PyVEX is Python bindings for the VEX IR.

Project Links

Project repository: https://github.com/angr/pyvex

Documentation: https://api.angr.io/projects/pyvex/en/latest/

Installing PyVEX

PyVEX can be pip-installed:

pip install pyvex

Using PyVEX

import pyvex
import archinfo

# translate an AMD64 basic block (of nops) at 0x400400 into VEX
irsb = pyvex.lift(b"\x90\x90\x90\x90\x90", 0x400400, archinfo.ArchAMD64())

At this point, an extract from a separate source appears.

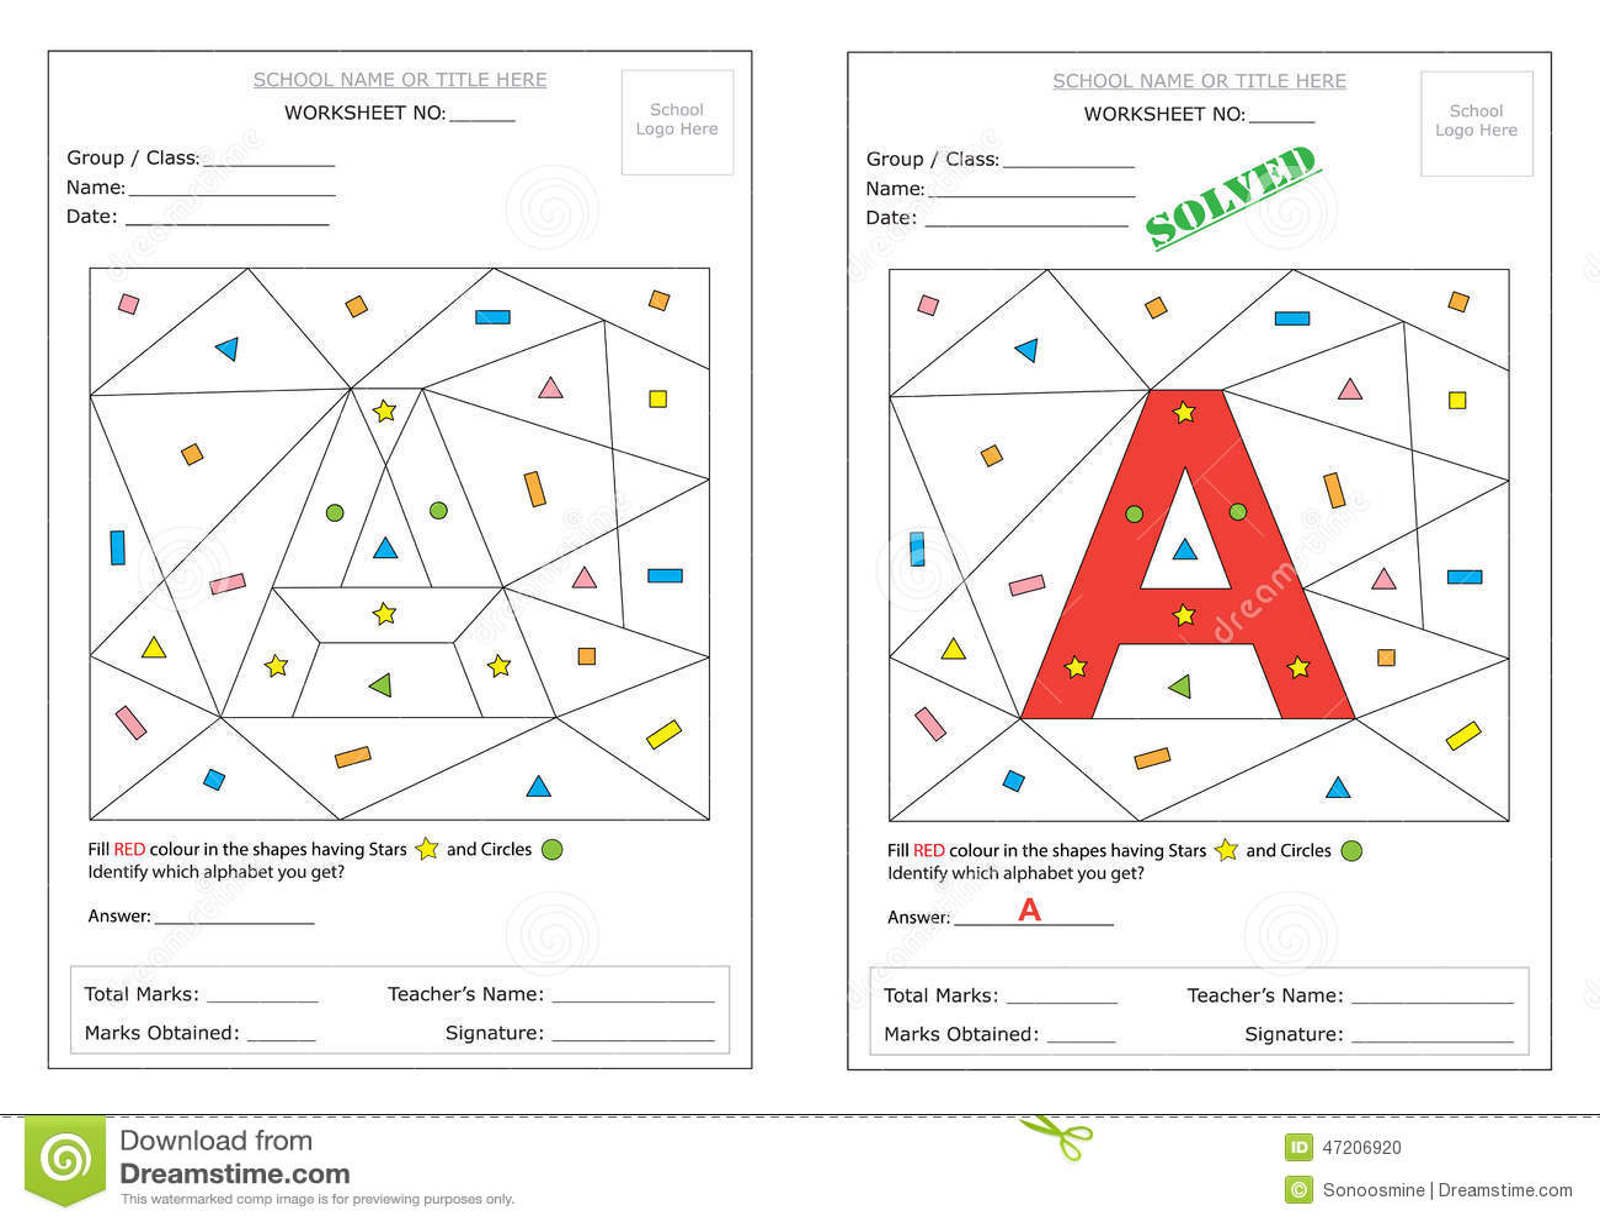 Arbeitsblatt Alphabet Italien : Arbeitsblatt identifizieren sie alphabet vektor
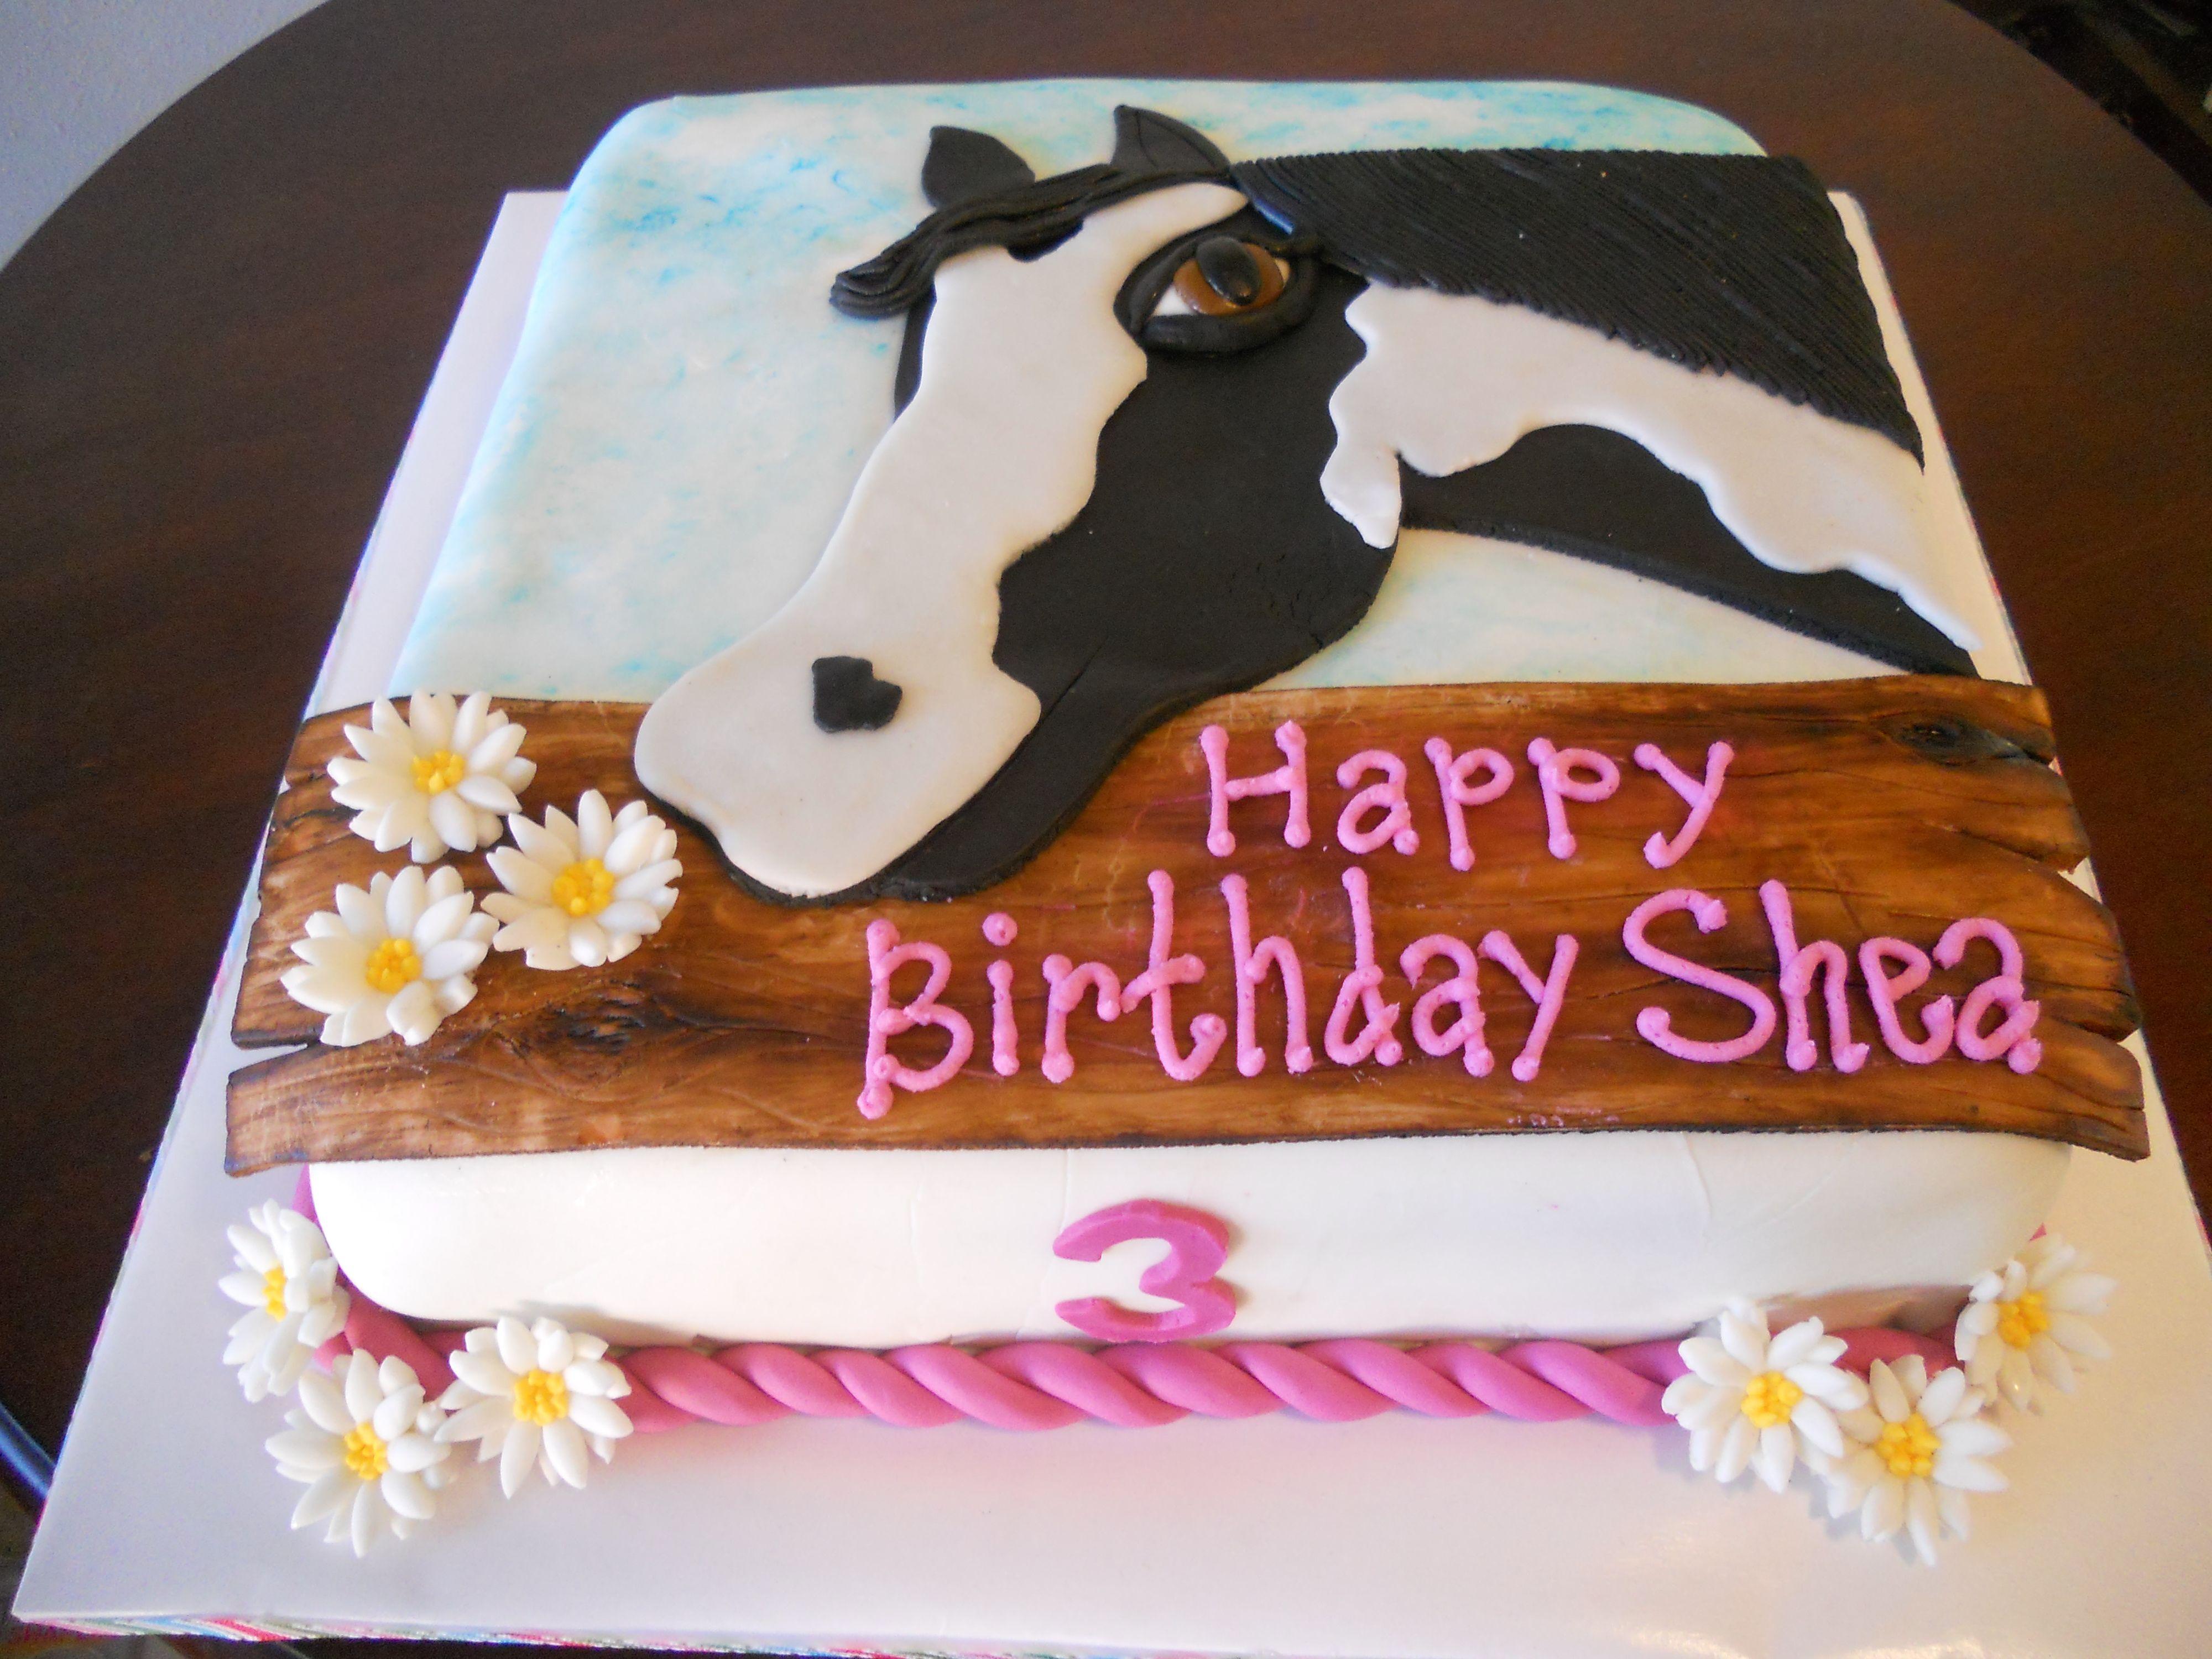 Birthday Cake Decorations Horses : So so so sweet for you one day. @Katiyah Ceynowa Ceynowa ...

# pretty-print the basic block
irsb.pp()

# this is the IR Expression of the jump target of the unconditional exit at the end of the basic block
print(irsb.next)

# this is the type of the unconditional exit (i.e., a call, ret, syscall, etc)
print(irsb.jumpkind)

# you can also pretty-print it
irsb.next.pp()

# iterate through each statement and print all the statements
for stmt in irsb.statements:
    stmt.pp()

# pretty-print the IR expression representing the data, and the *type* of that IR expression written by every store statement
import pyvex
for stmt in irsb.statements:
    if isinstance(stmt, pyvex.IRStmt.Store):
        print("Data:", end="")
        stmt.data.pp()
        print("")

        print("Type:", end="")
        print(stmt.data.result_type)
        print("")

# pretty-print the condition and jump target of every conditional exit from the basic block
for stmt in irsb.statements:
    if isinstance(stmt, pyvex.IRStmt.Exit):
        print("Condition:", end="")
        stmt.guard.pp()
        print("")

        print("Target:", end="")
        stmt.dst.pp()
        print("")

# these are the types of every temp in the IRSB
print(irsb.tyenv.types)

# here is one way to get the type of temp 0
print(irsb.tyenv.types[0])

Keep in mind that this is a syntactic representation of a basic block. That is, it'll tell you what the block means, but you don't have any context to say, for example, what actual data is written by a store instruction.

VEX Intermediate Representation

To deal with widely diverse architectures, it is useful to carry out analyses on an intermediate representation. An IR abstracts away several architecture differences when dealing with different architectures, allowing a single analysis to be run on all of them:

  • Register names. The quantity and names of registers differ between architectures, but modern CPU designs hold to a common theme: each CPU contains several general purpose registers, a register to hold the stack pointer, a set of registers to store condition flags, and so forth. The IR provides a consistent, abstracted interface to registers on different platforms. Specifically, VEX models the registers as a separate memory space, with integer offsets (i.e., AMD64's rax is stored starting at address 16 in this memory space).
  • Memory access. Different architectures access memory in different ways. For example, ARM can access memory in both little-endian and big-endian modes. The IR must abstract away these differences.
  • Memory segmentation. Some architectures, such as x86, support memory segmentation through the use of special segment registers. The IR understands such memory access mechanisms.
  • Instruction side-effects. Most instructions have side-effects. For example, most operations in Thumb mode on ARM update the condition flags, and stack push/pop instructions update the stack pointer. Tracking these side-effects in an ad hoc manner in the analysis would be crazy, so the IR makes these effects explicit.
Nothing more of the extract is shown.